▸ **DATA EXCERPT**:
=== Begin Enclosure ===
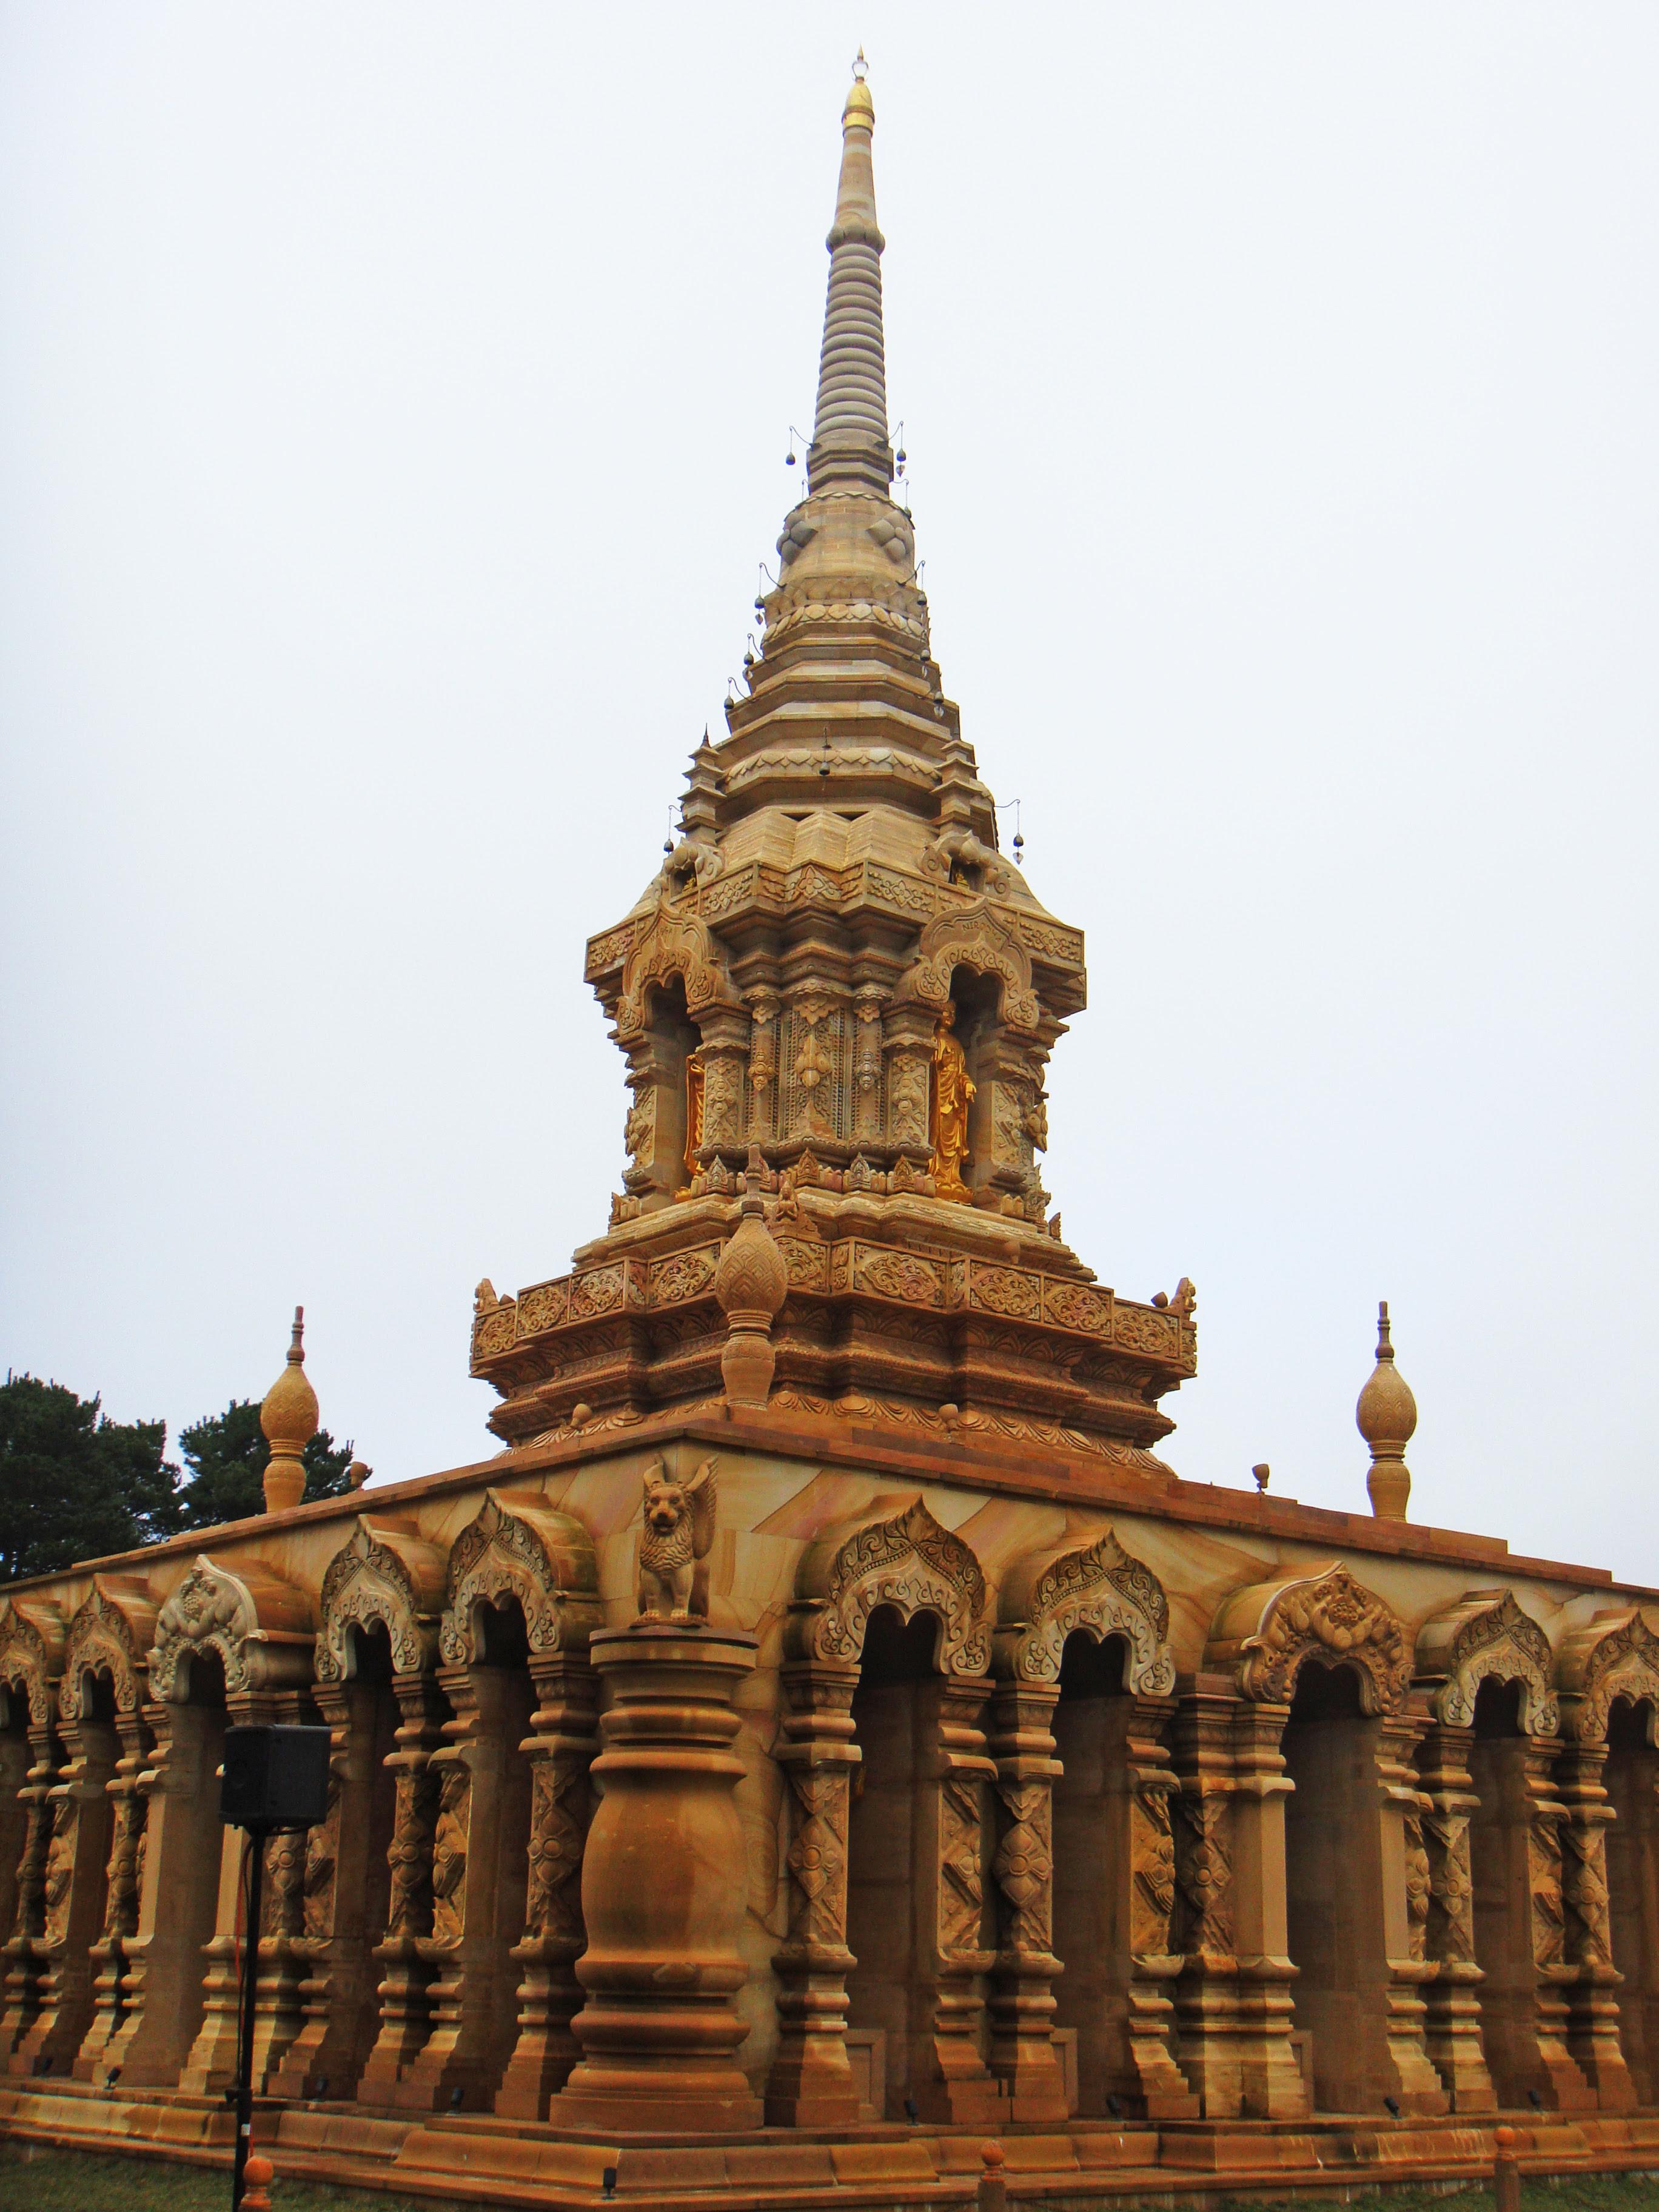 http://upload.wikimedia.org/wikipedia/commons/6/66/Sunnataram_Forest_Monastery_6.jpg
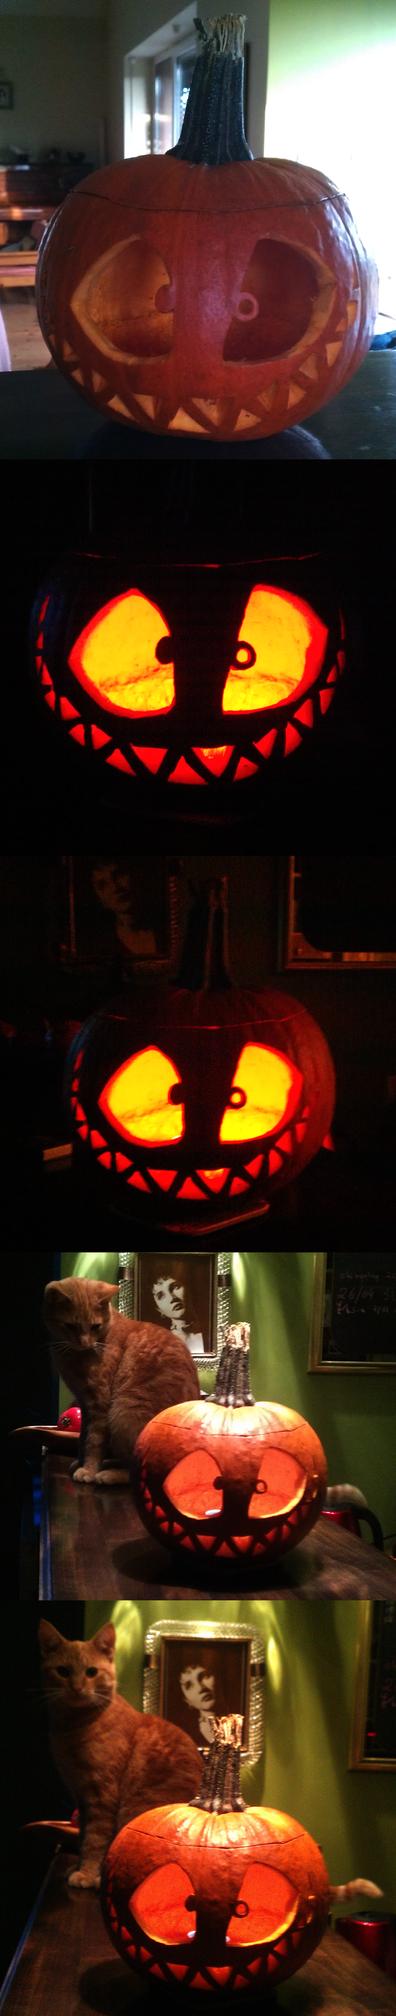 pumpkin_head_by_emily13s-d6slrfs.png
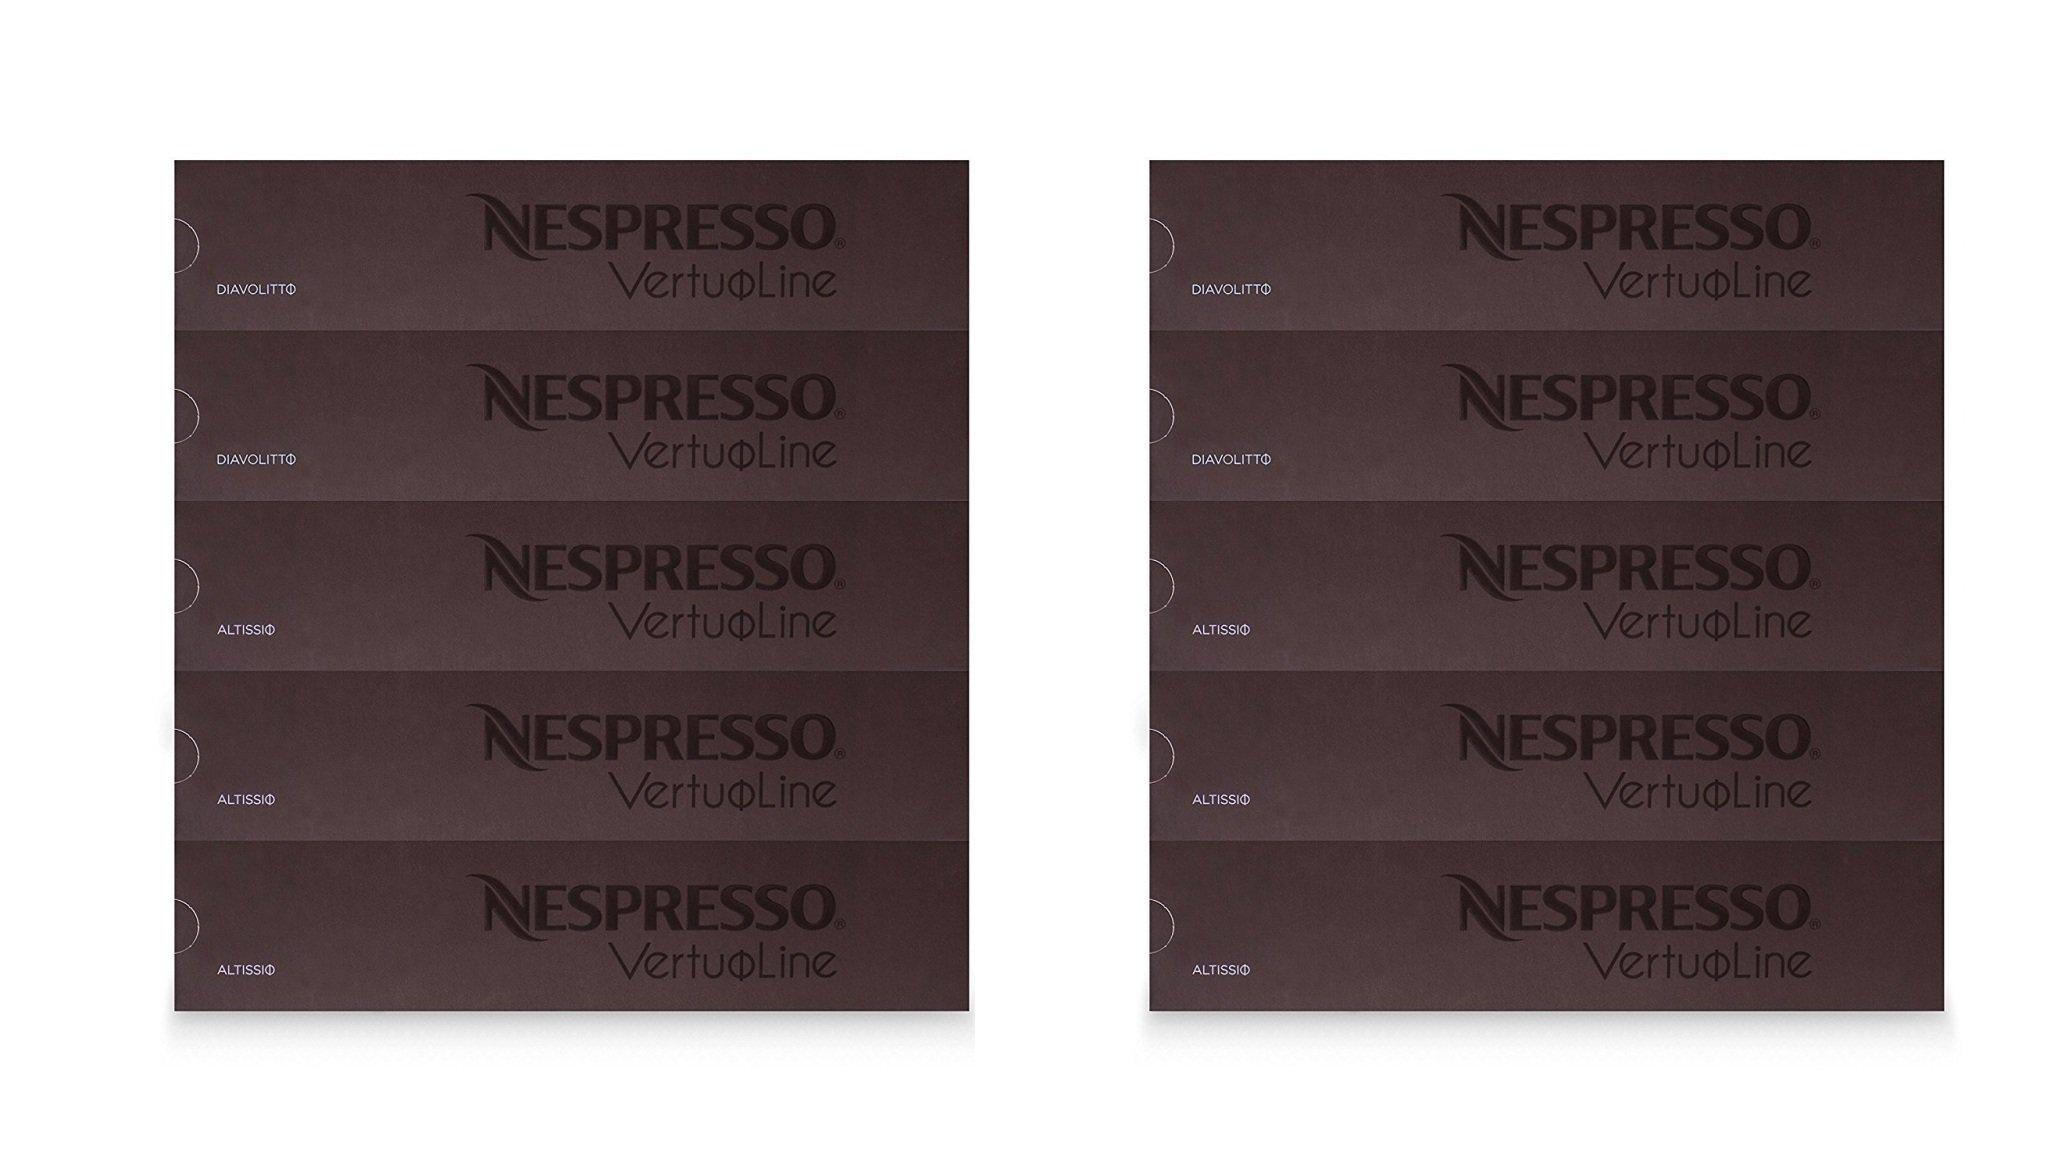 Nespresso Vertuoline Espresso Assortment gzgilB, 2Pack (50 Capsules)
=== End Enclosure ===
Write out the data above in full and exactly, but not the pictures.

 http://upload.wikimedia.org/wikipedia/commons/6/66/Sunnataram_Forest_Monastery_6.jpg
 pumpkin_head_by_emily13s-d6slrfs.png
 Nespresso Vertuoline Espresso Assortment gzgilB, 2Pack (50 Capsules)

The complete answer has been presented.